Listed records

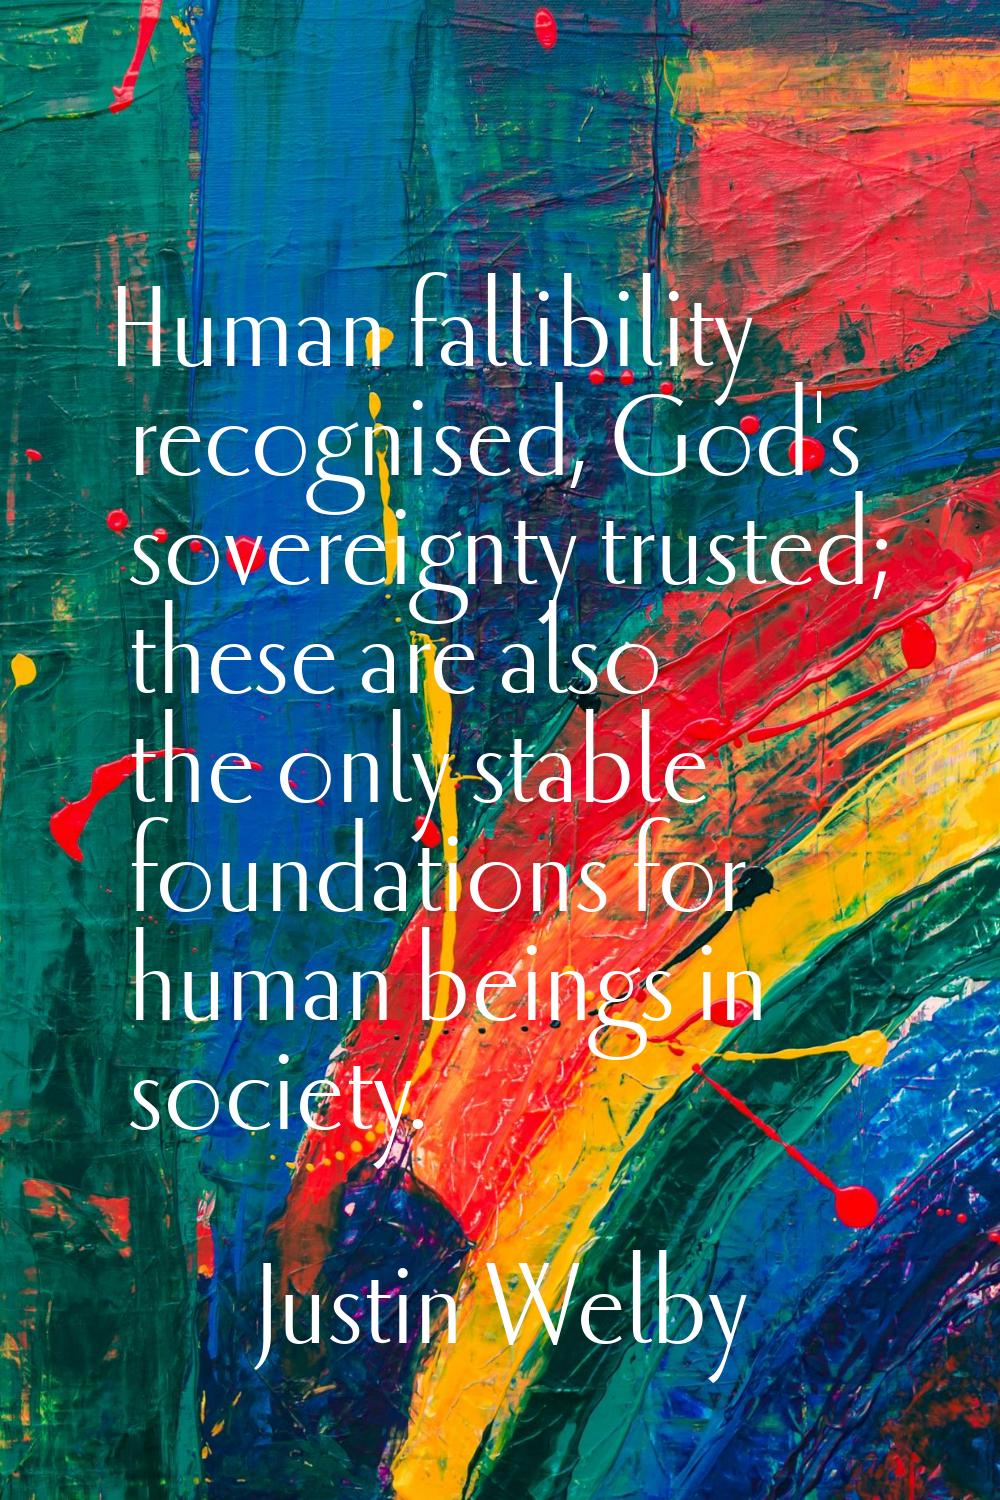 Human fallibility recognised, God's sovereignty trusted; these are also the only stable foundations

---

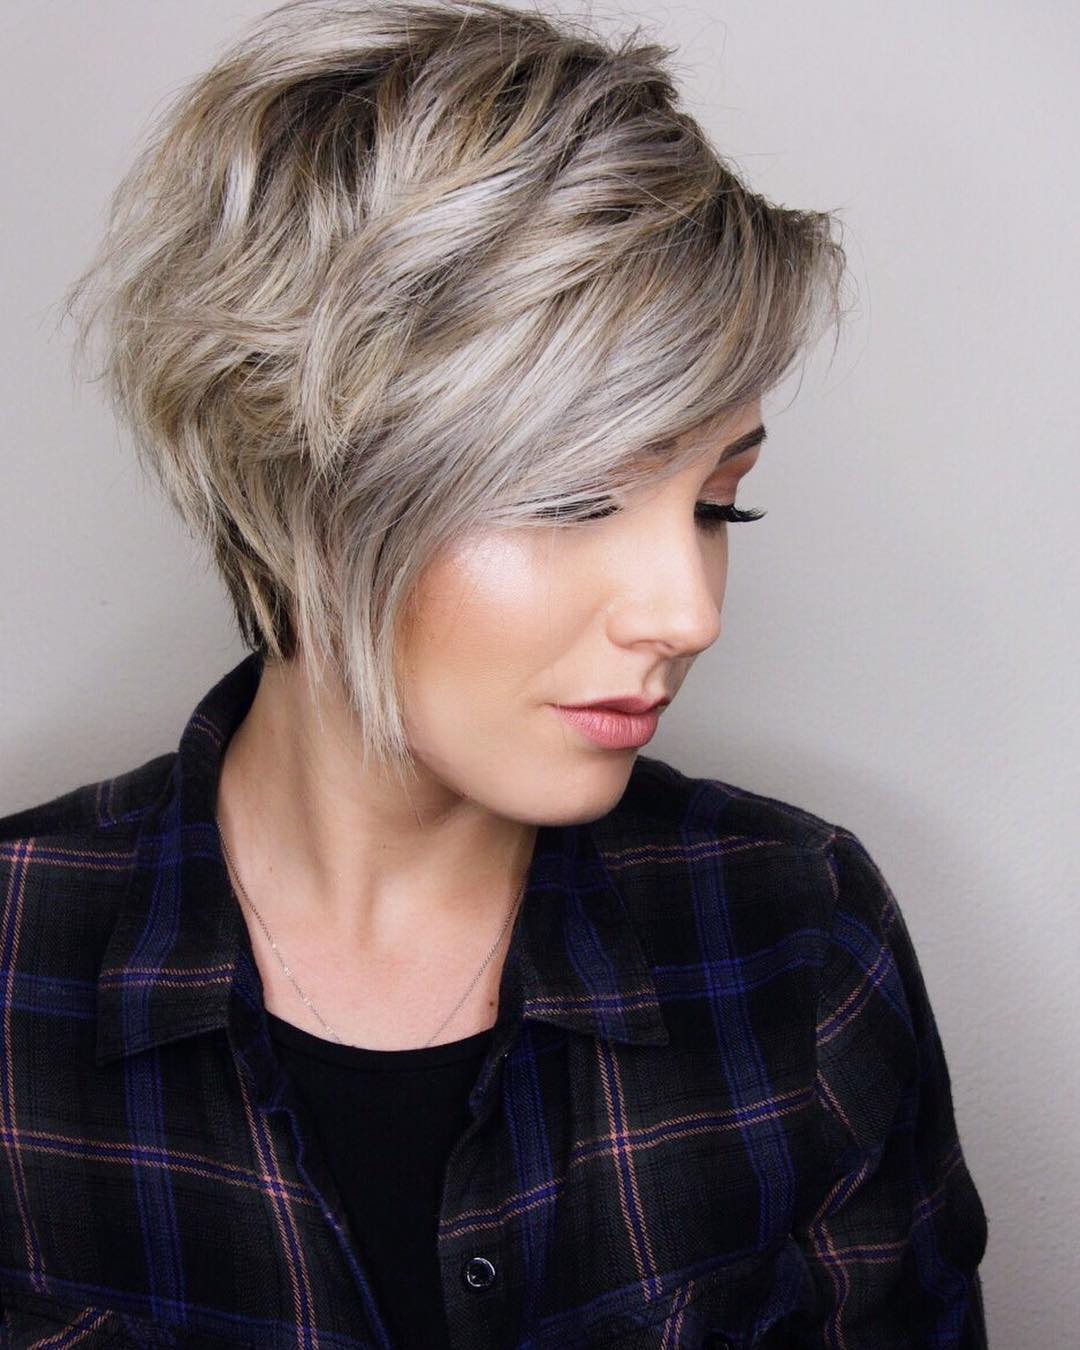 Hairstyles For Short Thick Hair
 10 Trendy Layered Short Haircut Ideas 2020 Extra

What you have to do
Please transcribe exactly the part of the records that opens with the line containing "Hairstyles For Short Thick Hair" and closes with the line containing "10 Trendy Layered", both ends included, and leave out the pictures.

Answer section
 Hairstyles For Short Thick Hair
 10 Trendy Layered Short Haircut Ideas 2020 Extra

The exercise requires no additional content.